Sunday, May 21, 2006

Fitness and disease II   posted by JP @ 5/21/2006 09:03:00 AM

The second point made by Eyre-Walker et al. in their paper "The distribution of fitness effects of new deleterious amino acid mutations in humans" is that "it will be very difficult to locate most of the genes involved in complex disease" (see my discussion of their first point here).

They come to this conclusion because, using their model, the variations that contribute the most to the variance of a disease-associated trait are rare (see Jonathan Pritchard's 2001 paper for a different way to come to a similar conclusion), and thus difficult to map, except in two cases: when the disease has no effect on fitness or the alleles invloved have been under positive selection. They clearly don't think those two cases are likely, though they do acknowledge they may number "a few".

I disagree. We've all heard the story about the guy at night, searching for a lost coin under a streetlight because "that's where the light is". That's essentially what's happening here. They've derived the distribution of fitness effects of new deleterious amino acid mutations, so obviously disease alleles must be new. And deleterious. And amino acid mutations. Right?

Ok, ok, it's true they mention a couple possible violations of those assumptions, but they still feel confident enough to say that "most of the genes involved in complex disease" can be described with their model. But here are a couple different theoretical paradigms to consider: the "thrify genotype" and "cryptic genetic variation".

1. The "thrify genotype" hypothesis. We've mentioned this hypothesis before, as a part of the ancestral susceptibility model for common disease. It was first formulated about type II diabetes and obesity, and goes something like this: imagine a normal distribution of a quantitative trait like the efficiency with which excess calories are converted to fat. Some people quickly convert all of their excess to fat, some less efficiently, and some not efficiently at all. In an environment of scare food resources, the first group has the clear advantage: in times of famine, they can live off the fat they stored from before. So those variants that predispose one to be on the right half of the curve (if we define the x-axis as efficiency) are favored.

Now enter agriculture, which allows food from good times to be stored and eaten in rough times. The selective pressure for fat storage efficiency is somewhat relaxed, so new mutations that predispose one to be more on the left half of the curve can gain traction in the population. Finally, enter a "modern" diet of, most importantly, lots of sugar. In this environment, the people on the right half of the curve, with their "thrifty" ancestral genotype, well, get fat, while people with the new derived genotype don't as much.

To extend the "thrify genotype" hypothesis to other traits, one needs a trait that was adaptive in an ancient environment but is neutral or even selected against now. One example is susceptibility to hypertension: in the expansion to colder climates, selection against ancestral alleles adapted to hotter climates have given rise to the current differential susceptibility to hypertension between populations of African and European origin.

2. Uncovering crytpic genetic variation (for a review, see here[pdf]). The premise here is that common disease is a result of the uncovering, through either genetic or environmental perturbation, of variation that wouldn't normally contribute to human health. That is, alleles influencing common disease are only conditionally deleterious or beneficial. Following the obesity example from above, operating in this paradigm would lead to the hypothesis that alleles that don't affect fat storage efficiency in normal circumstances do play a role when the environment is perturbed (i.e. in the presence of a high-sugar diet). One possible example: a mutation in the regulatory region of the gene coding for the dopamine transporter DAT1 (which has a frequency of ~70%, suggesting it may be ancestral) is associated with cocaine dependance. This variant slightly affects expression of the DAT1 gene under normal conditions (caveat: I mean normal tissue culture conditions), but in the presence of cocaine, that difference is amplified. Thus, the varation in expression is only made obvious in an altered condition.

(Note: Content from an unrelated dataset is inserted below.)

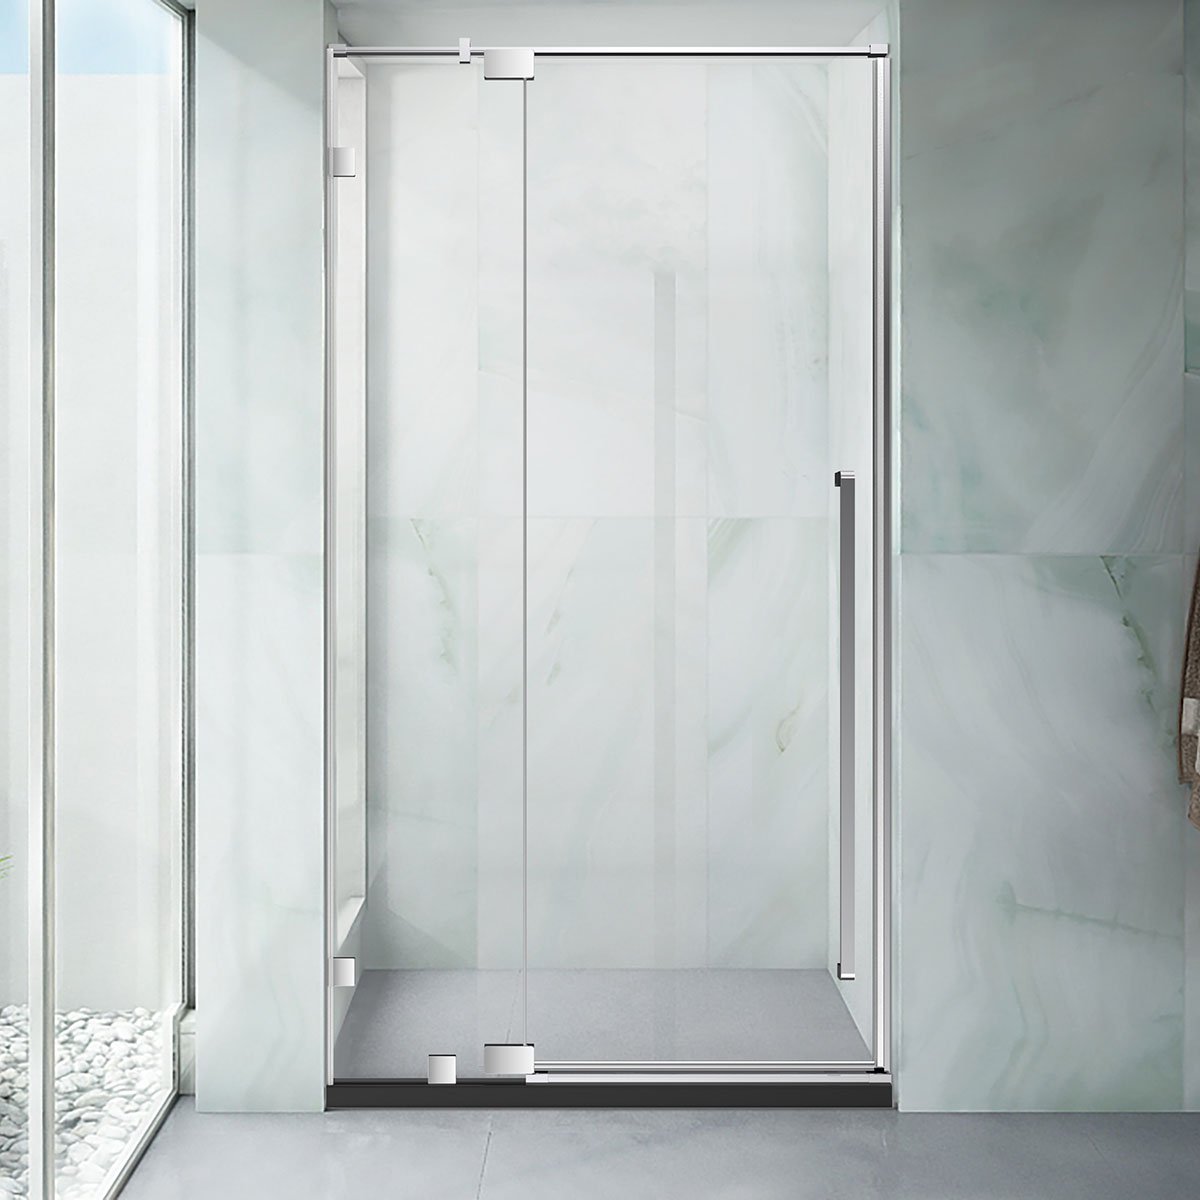 48" AH01 Series Frameless Swing Shower Door with Klearteck Treatment (Fixed 3/8" & Swing 5/16" Thickness) (Brushed Nickel)
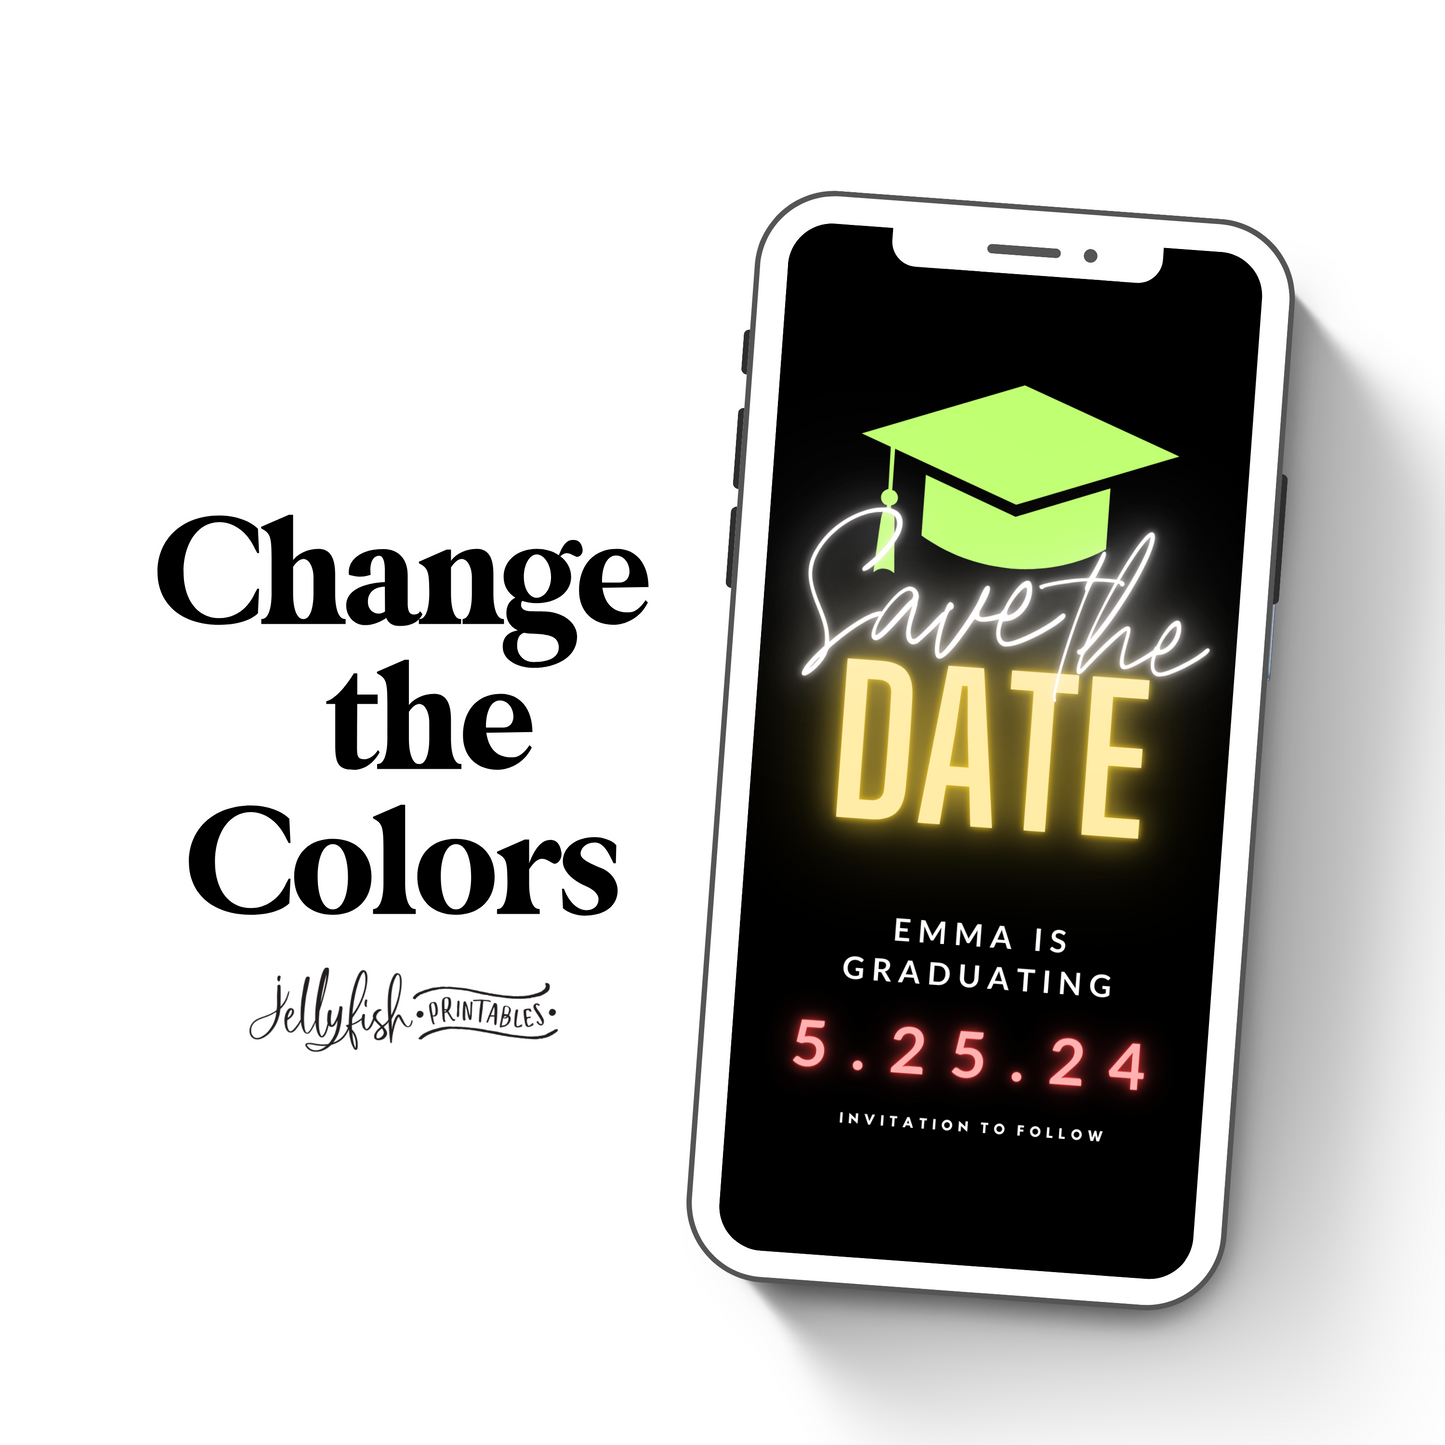 Neon Green Animated Canva Template for texting. Graduation Save the date. Send it out today!

If this paradigm holds, it would mean that many of the alleles (either derived or ancetral) contributing to common disease are neutral except in certain circumstances. So if the environment that exposes this variation is our modern environment (long lifespans, high food availability, etc.), the alleles have been neutral for most of history.

In general, Eyre-Walker et al. are operating in a world where an amino acid-changing mutation arises with a certain selection coefficient, and where this selection coefficient is constant until the mutation is removed from the population. If common diseases are caused by these new, deleterious amino acid changes, their conclusion that it will be very difficult to locate disease alleles is fair. But, as I've tried to show, other models for the allelic architecture of common disease are certainly plausible, and perhaps even more likely.